----- Input data

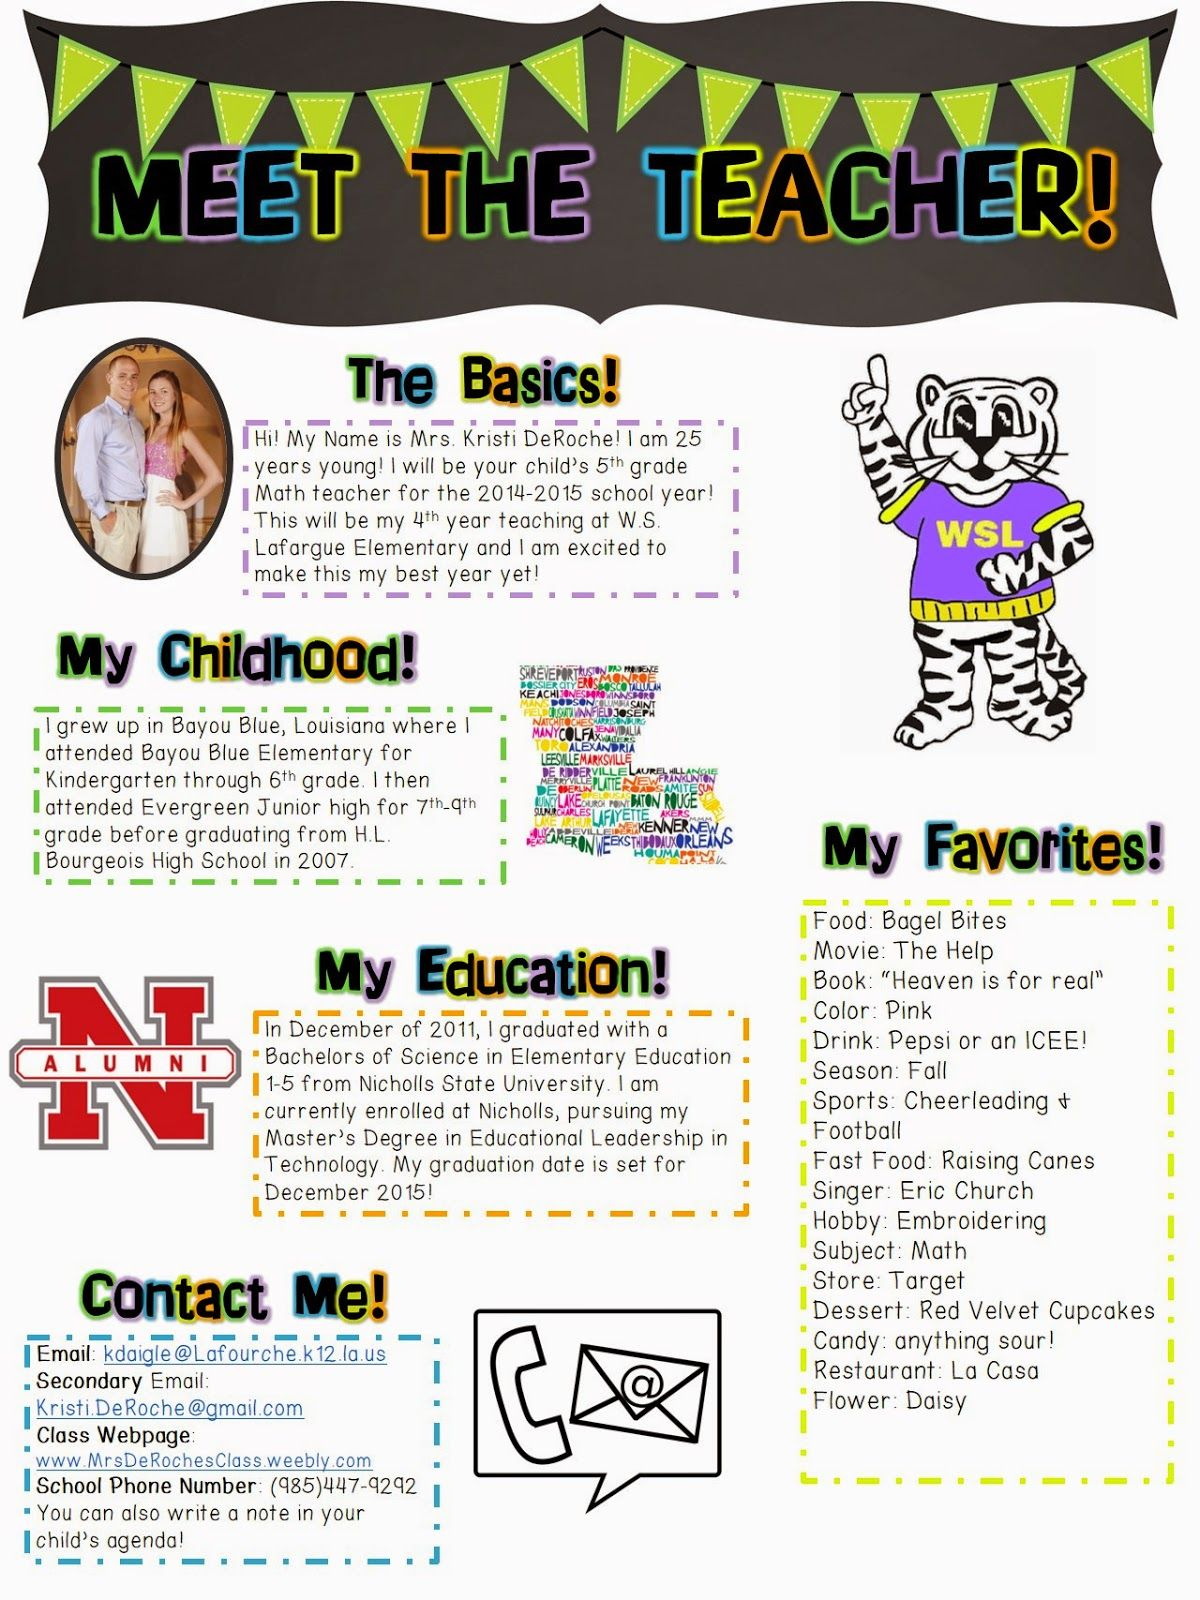 Keep Calm And Teach On Classroom Sneak Peek  Sort Of
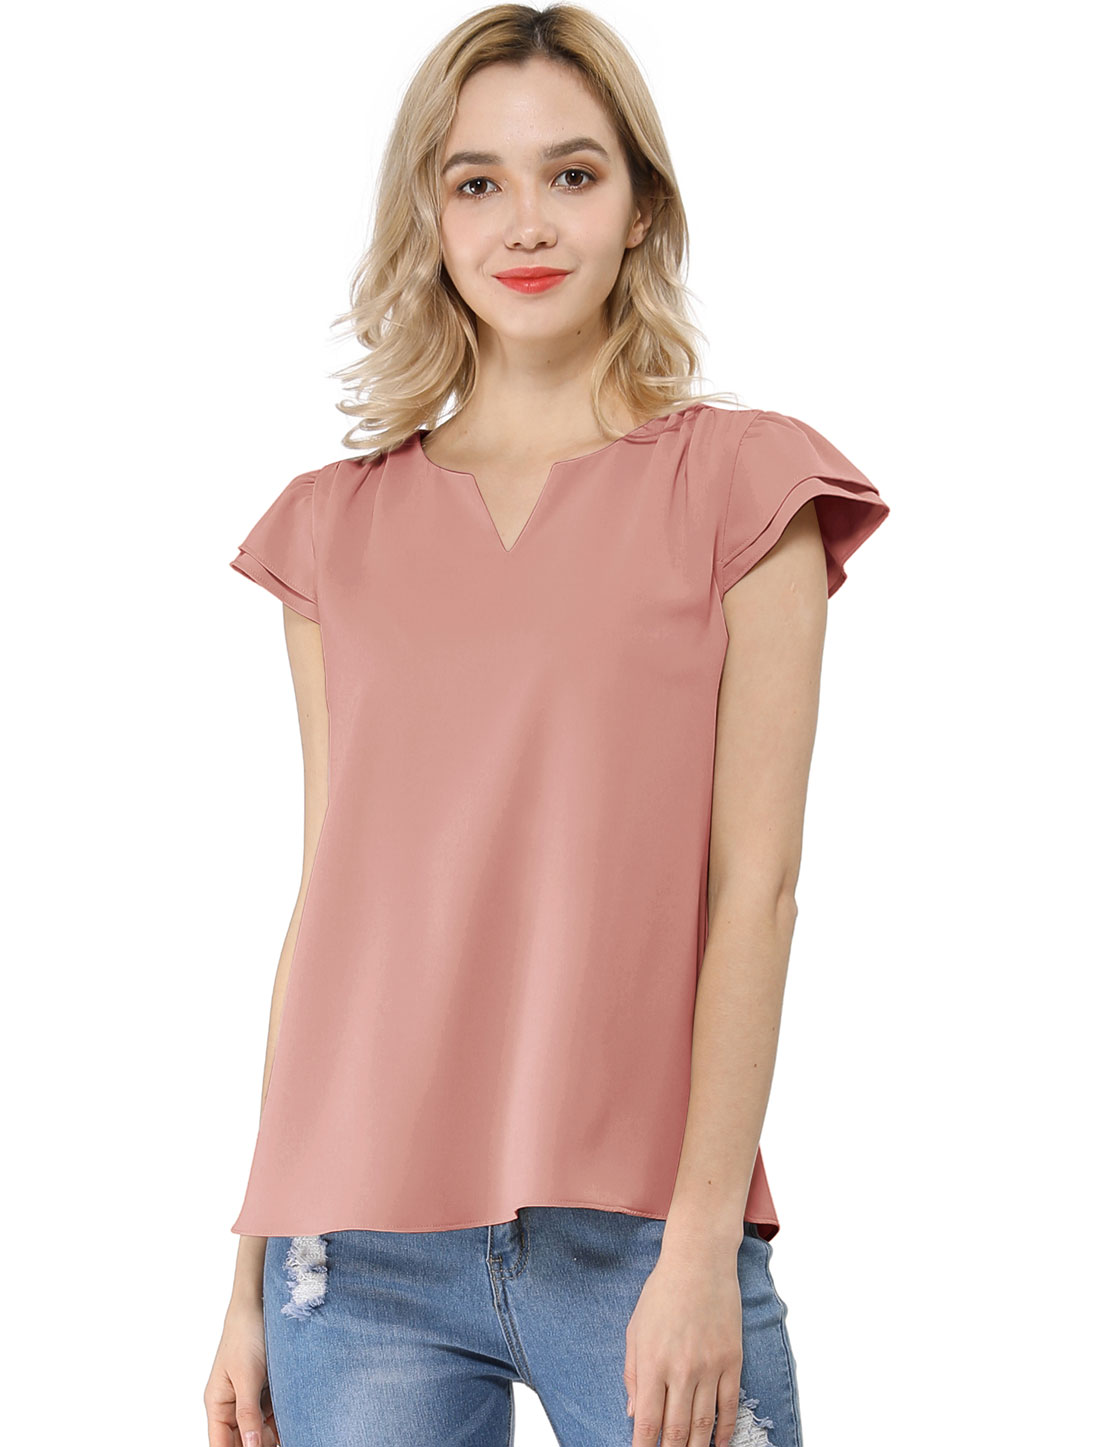 Allegra K Women's Work Business Casual Cap Sleeve Blouse Pink XS
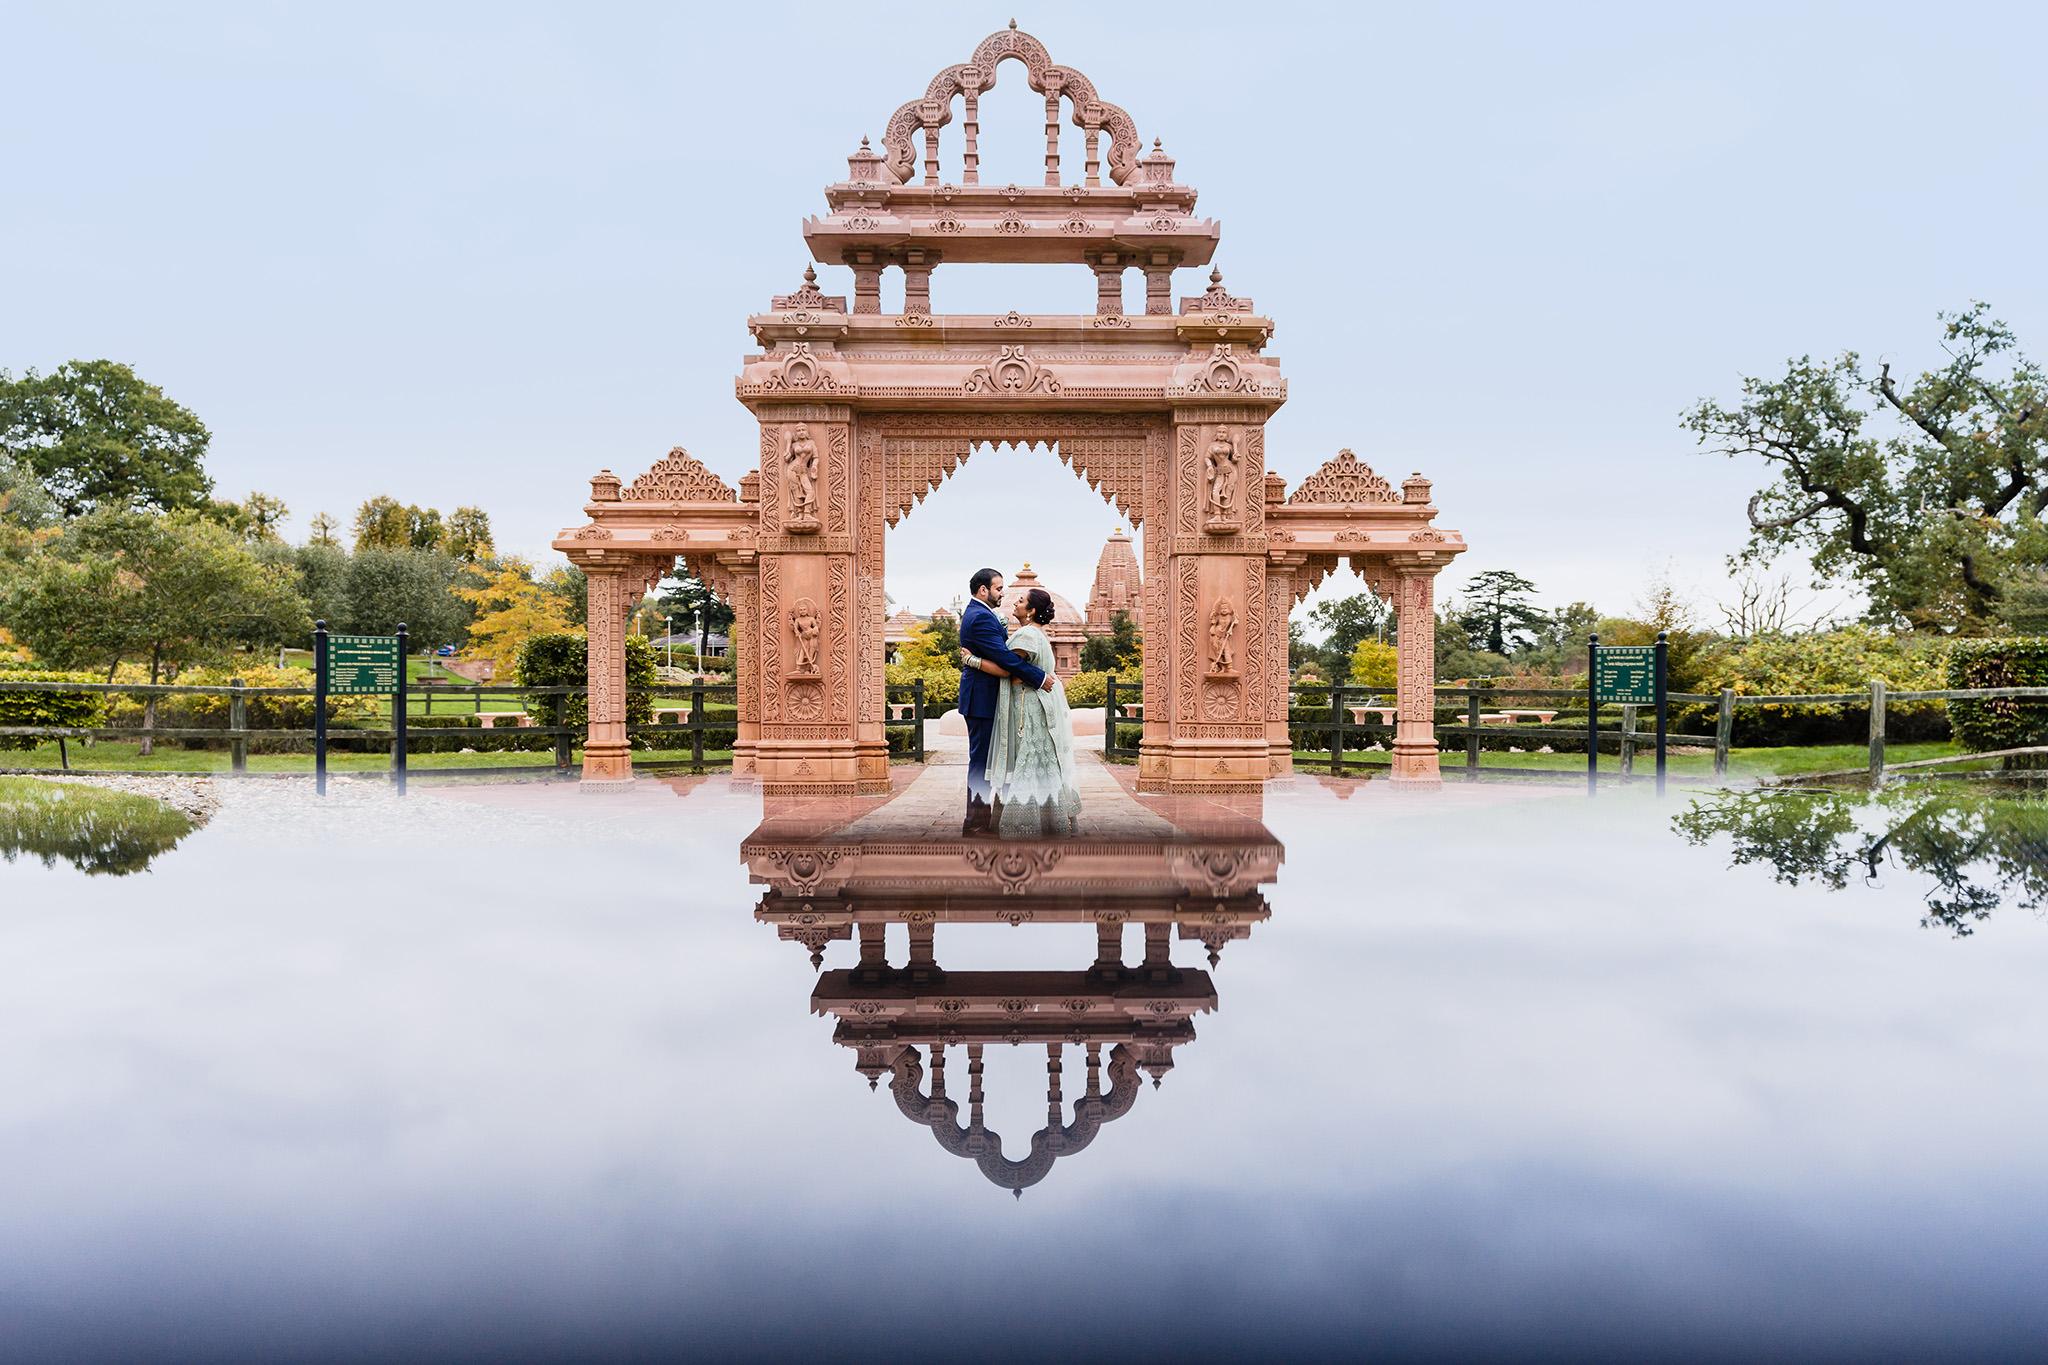 posed wedding photo

----------

Your instructions:
When you reach an image, pass over it, and retype all other material exactly.

Response to this task:
 Keep Calm And Teach On Classroom Sneak Peek  Sort Of
 Allegra K Women's Work Business Casual Cap Sleeve Blouse Pink XS
 posed wedding photo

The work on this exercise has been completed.